◆ **What this task involves**:
Keep the pictures out. Copy every line of the listing exactly.

◆ **Given information**:

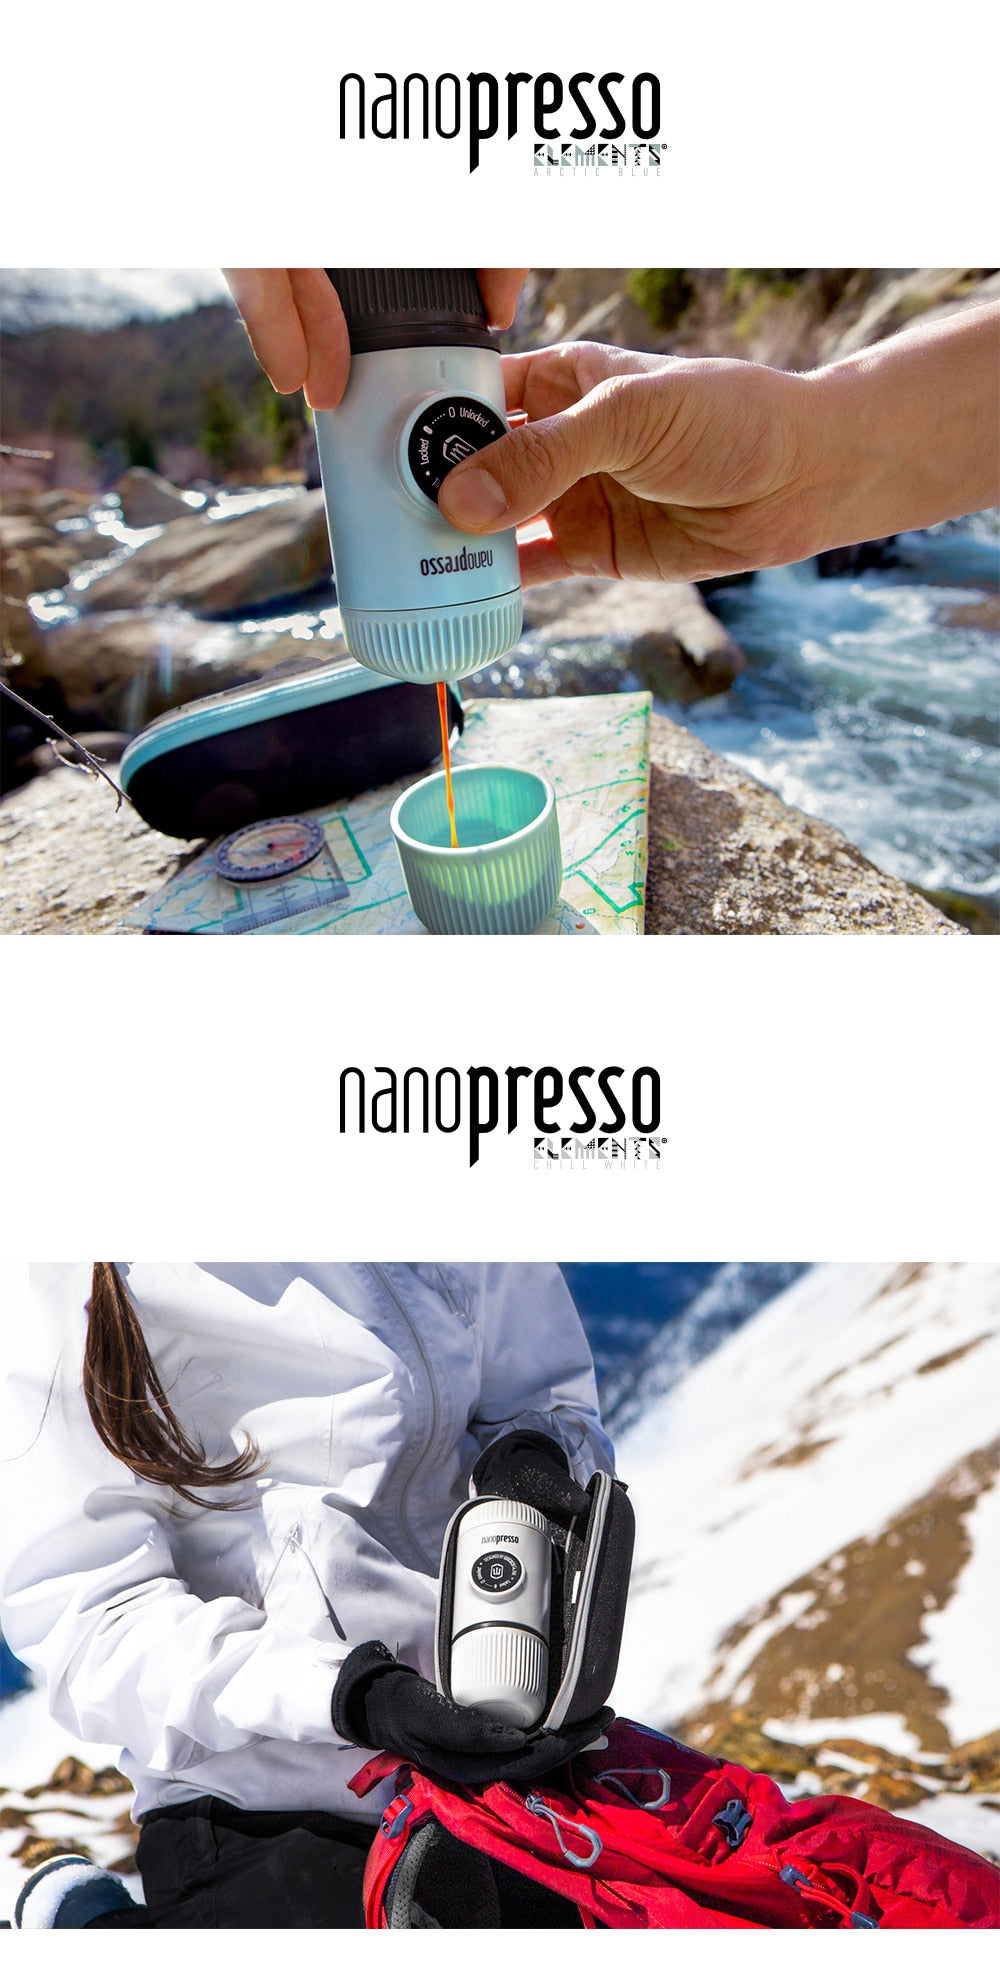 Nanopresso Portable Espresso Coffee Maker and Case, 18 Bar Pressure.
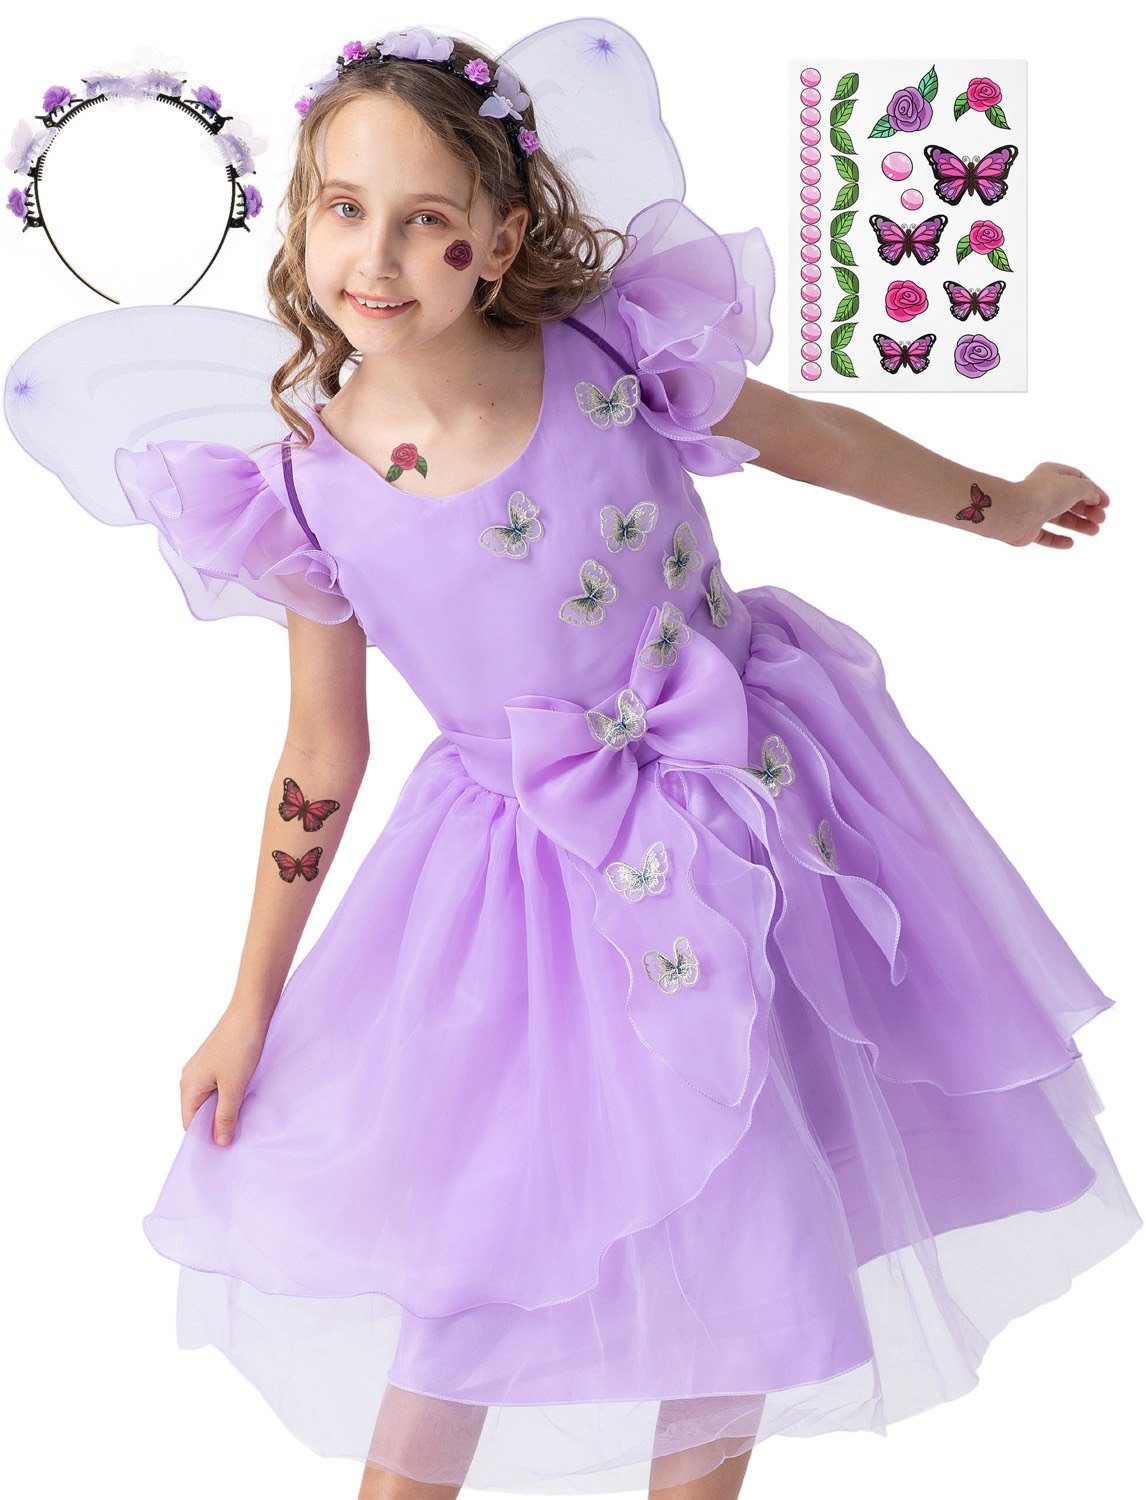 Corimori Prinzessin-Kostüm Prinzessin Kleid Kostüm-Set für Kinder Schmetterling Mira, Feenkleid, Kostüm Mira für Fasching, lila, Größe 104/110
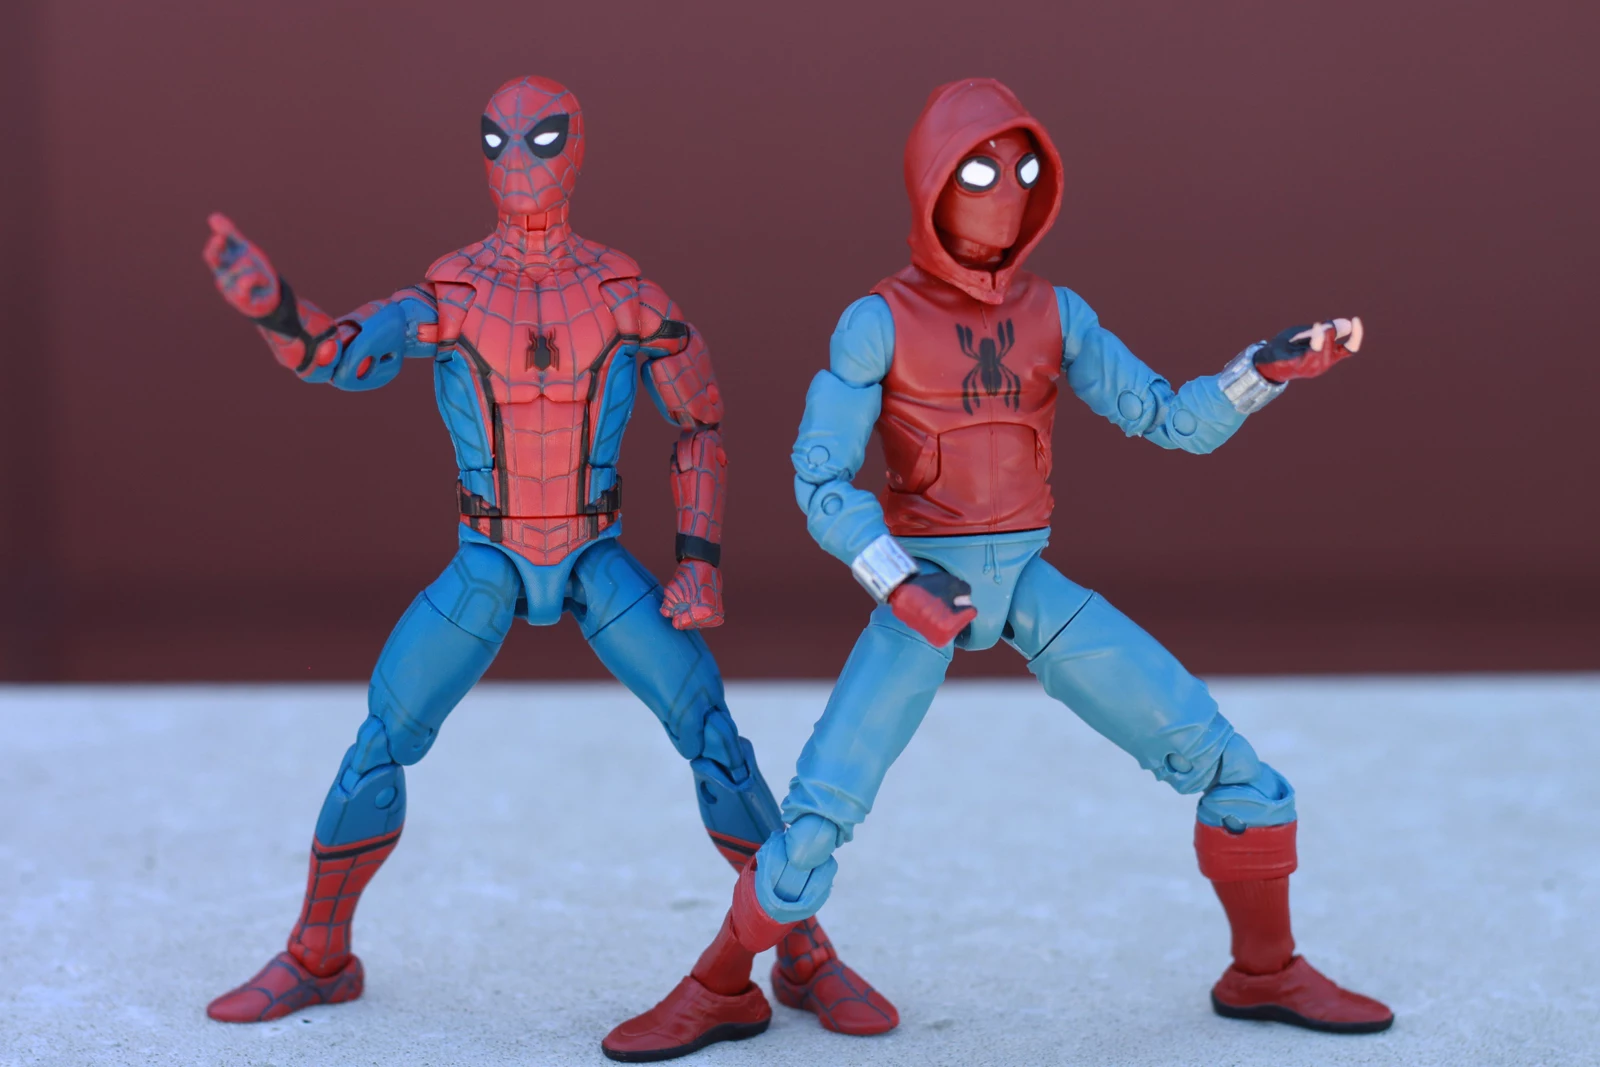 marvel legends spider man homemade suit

◆ **Completed task**:
 Nanopresso Portable Espresso Coffee Maker and Case, 18 Bar Pressure.
 Corimori Prinzessin-Kostüm Prinzessin Kleid Kostüm-Set für Kinder Schmetterling Mira, Feenkleid, Kostüm Mira für Fasching, lila, Größe 104/110
 marvel legends spider man homemade suit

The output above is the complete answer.